Re: [PERFORM] Proposal of tunable fix for scalability of 8.4
On 3/12/09 10:09 AM, Gregory Stark st...@enterprisedb.com wrote: Ram-resident use cases are entirely valid and worth testing, but in those use cases you would want to have about as many processes as you have processes. Within a factor of two or so, yes. However, where in his results does it show that there are 1000 active postgres connections? What if the test script is the most valid type: emulating application compute and sleep time between requests? What it is showing is “Users”. We don’t know the relationship between those and active postgres connections. Your contention is ONLY valid for active postgres processes. Yes, the test could be invalid if it is artificially making all users bang up on the same locks by for example, having them all access the same rows. However, if this was what explains the results around the user count being about equal to CPU threads, then the throughput would have stopped growing around where the user count got near the CPU threads, not after a couple thousand. The ‘fingerprint’ of this load test — linear scaling up to a point, then a peak and dropoff — is one of a test with paced users not one with artificial locking affecting results at low user counts. More data would help, but artificial lock contention with low user count would have shown up at low user count, not after 1000 users. There are some difficult to manipulate ways to fake this out (which is why CPU% and context switch rate data would help). This is most likely a ‘paced user’ profile. The use case where having larger number of connections than processors makes sense is when they're blocked on disk i/o (or network i/o or whatever else other than cpu). Um, or are idle in a connection pool for 100ms. There is no such thing as a perfectly sized connection pool. And there is nothing wrong with some idle connections. And as always the question would be whether the code designed for this misconfigured setup is worth the maintenance effort if it's not helping properly configured setups. Now you are just assuming its misconfigured. I’d wager quite a bit it helps properly configured setups too so long as they have lots of hardware threads.

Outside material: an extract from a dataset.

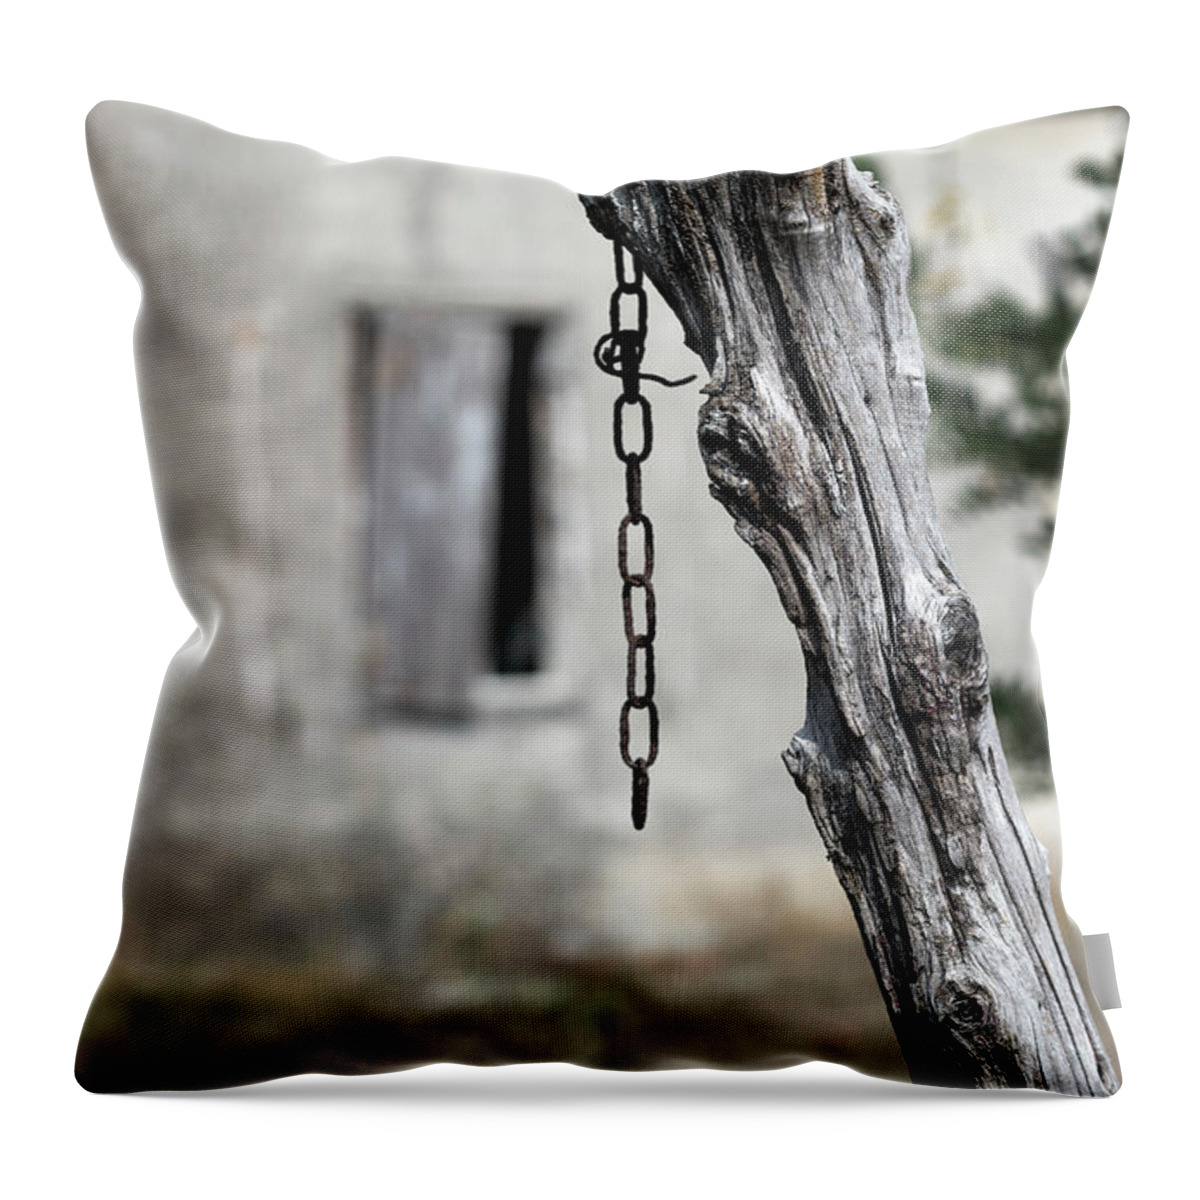 Rural Throw Pillow featuring the photograph Omen by Helga Novelli

Re: [PERFORM] Proposal of tunable fix for scalability of 8.4
On 3/12/09 10:53 AM, Tom Lane t...@sss.pgh.pa.us wrote: Kevin Grittner kevin.gritt...@wicourts.gov writes: You misunderstood me. I wasn't addressing the affects of his change, but rather the fact that his test shows a linear improvement in TPS up to 1000 connections for a 64 thread machine which is dealing entirely with RAM -- no disk access. Where's the bottleneck that allows this to happen? Without understanding that, his results are meaningless. Yeah, that is a really good point. For a CPU-bound test you would ideally expect linear performance improvement up to the point at which number of active threads equals number of CPUs, and flat throughput with more threads. The fact that his results don't look like that should excite deep suspicion that something is wrong somewhere. This does not in itself prove that the idea is wrong, but it does say that there is some major effect happening in this test that we don't understand. Without understanding it, it's impossible to guess whether the proposal is helpful in any other scenario. regards, tom lane Only on the assumption that each thread in the load test is running in ASAP mode rather than a metered pace.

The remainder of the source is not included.